The parent appeals the IHO finding that the parent received all the requested relief for the 2019-20 school year under pendency which effectively rendered the case moot on the merits.
The parent argues that her claims are not moot as she did not receive all the relief that she requested during the impartial hearing, which is demonstrated by the fact that the IHO ordered some relief, namely for the district to review the student's need for assistive technology and arrange for the provision of the same. However, the parent asserts that such claim remains unresolved, as the district had not repaired or replaced the student's assistive technology device. Additionally, the parent asserts that her claim for the reimbursement of her tuition deposit for MSA was not moot. The parent further argues that the IHO erred by raising the issue of mootness sua sponte because the parent was denied the opportunity to present evidence establishing that her claims warranted a review on the merits, which amounted to a violation of her due process rights.

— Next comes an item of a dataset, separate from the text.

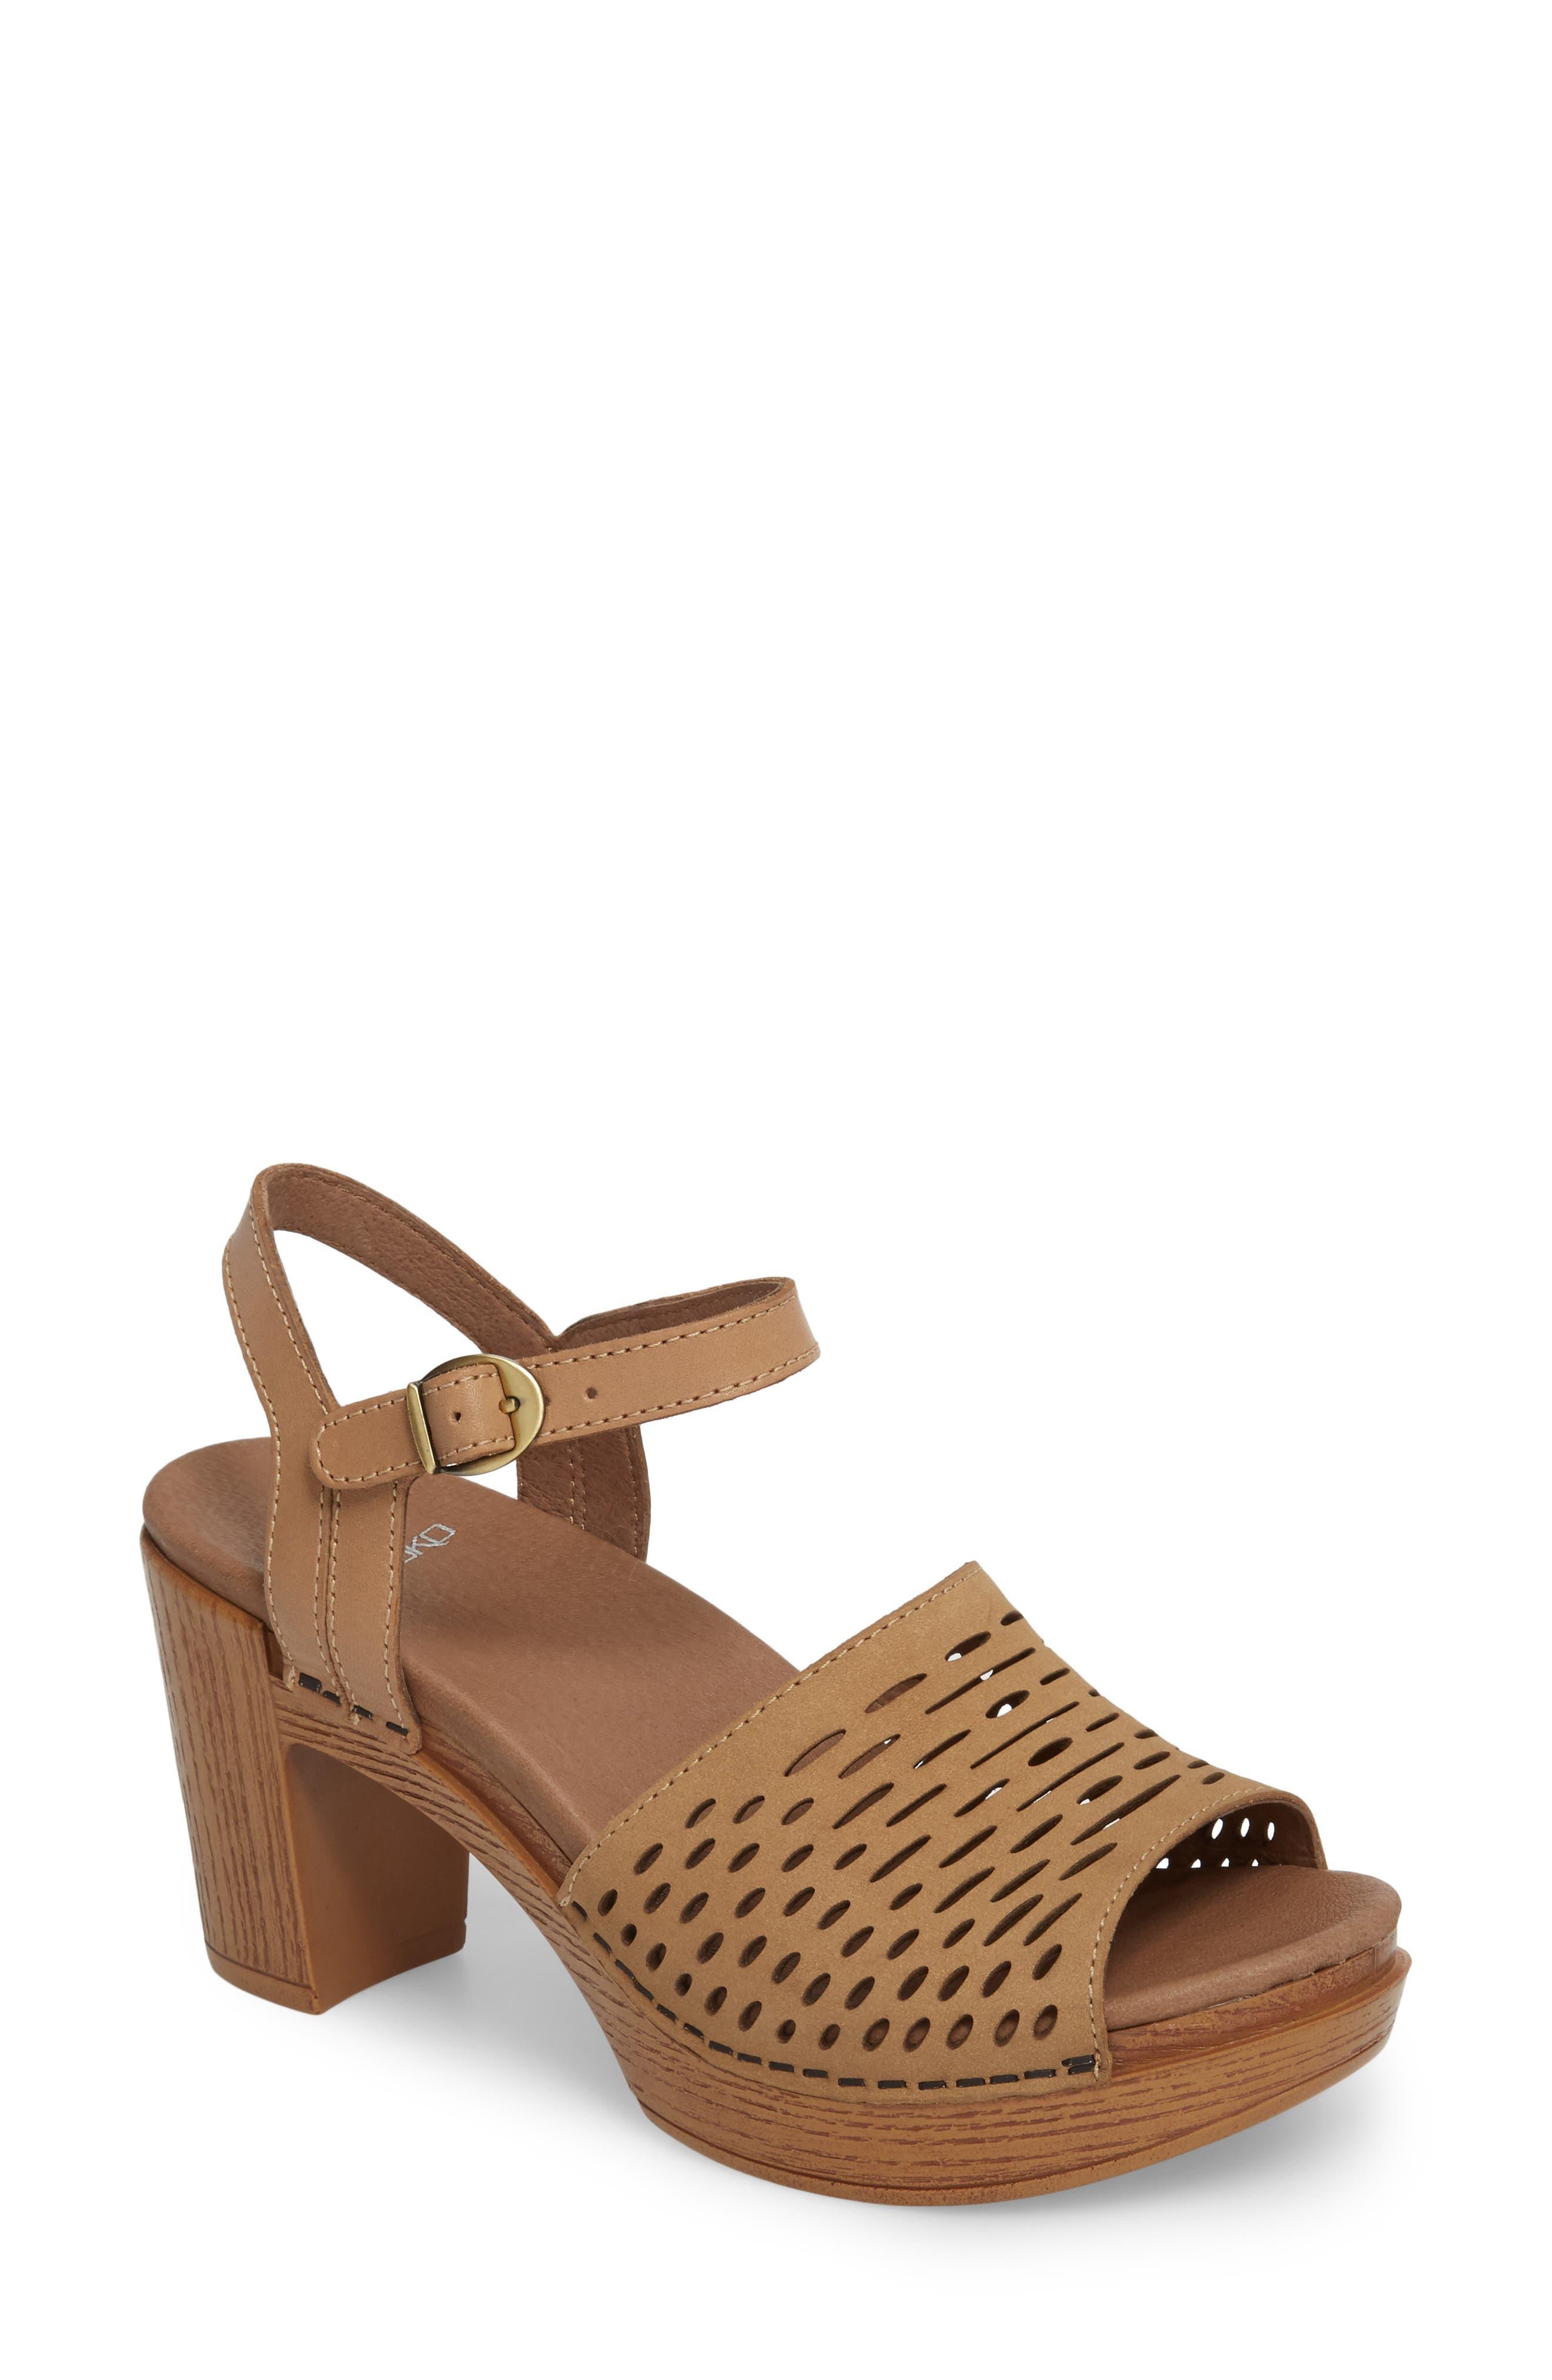 Denita Block Heel Sandal,                             Main thumbnail 1, color,                             SAND MILLED NUBUCK

The dispute between parties must at all stages be "real and live," and not "academic," or it risks becoming moot (Lillbask v. State of Conn. Dep't of Educ., 397 F.3d 77, 84 [2d Cir. 2005]; see Toth v. City of New York Dep't of Educ., 720 Fed. App'x 48, 51 [2d Cir. Jan. 2, 2018]; F.O. v. New York City Dep't of Educ., 899 F. Supp. 2d 251, 254 [S.D.N.Y. 2012]; Patskin v. Bd. of Educ. of Webster Cent. Sch. Dist., 583 F. Supp. 2d 422, 428 [W.D.N.Y. 2008]; Student X v. New York City Dep't of Educ., 2008 WL 4890440, at *12 [E.D.N.Y. Oct. 30, 2008]; J.N. v. Depew Union Free Sch. Dist., 2008 WL 4501940, at *3-*4 [W.D.N.Y. Sept. 30, 2008]; see also Coleman v. Daines, 19 N.Y.3d 1087, 1090 ; Hearst Corp. v. Clyne, 50 N.Y.2d 707, 714 ). In general, cases dealing with issues such as desired changes in IEPs, specific placements, and implementation disputes may become moot at the end of the school year because no meaningful relief can be granted (see, e.g., V.M. v. N. Colonie Cent. Sch. Dist., 954 F. Supp. 2d 102, 119-21 [N.D.N.Y. 2013]; M.S. v. New York City Dep't of Educ., 734 F. Supp. 2d 271, 280-81 [E.D.N.Y. 2010]; Patskin, 583 F. Supp. 2d at 428-29; J.N., 2008 WL 4501940, at *3-*4; but see A.A. v. Walled Lake Consol. Schs., 2017 WL 2591906, at *6-*9 [E.D. Mich. June 15, 2017] [considering the question of the "potential mootness of a claim for declaratory relief"]). Administrative decisions rendered in cases that concern such issues that arise out of school years since expired may no longer appropriately address the current needs of the student (see Daniel R.R. v. El Paso Indep. Sch. Dist., 874 F.2d 1036, 1040 [5th Cir. 1989]; Application of a Child with a Disability, Appeal No. 07-139; Application of the Bd. of Educ., Appeal No. 07-028; Application of a Child with a Disability, Appeal No. 06-070; Application of a Child with a Disability, Appeal No. 04-007).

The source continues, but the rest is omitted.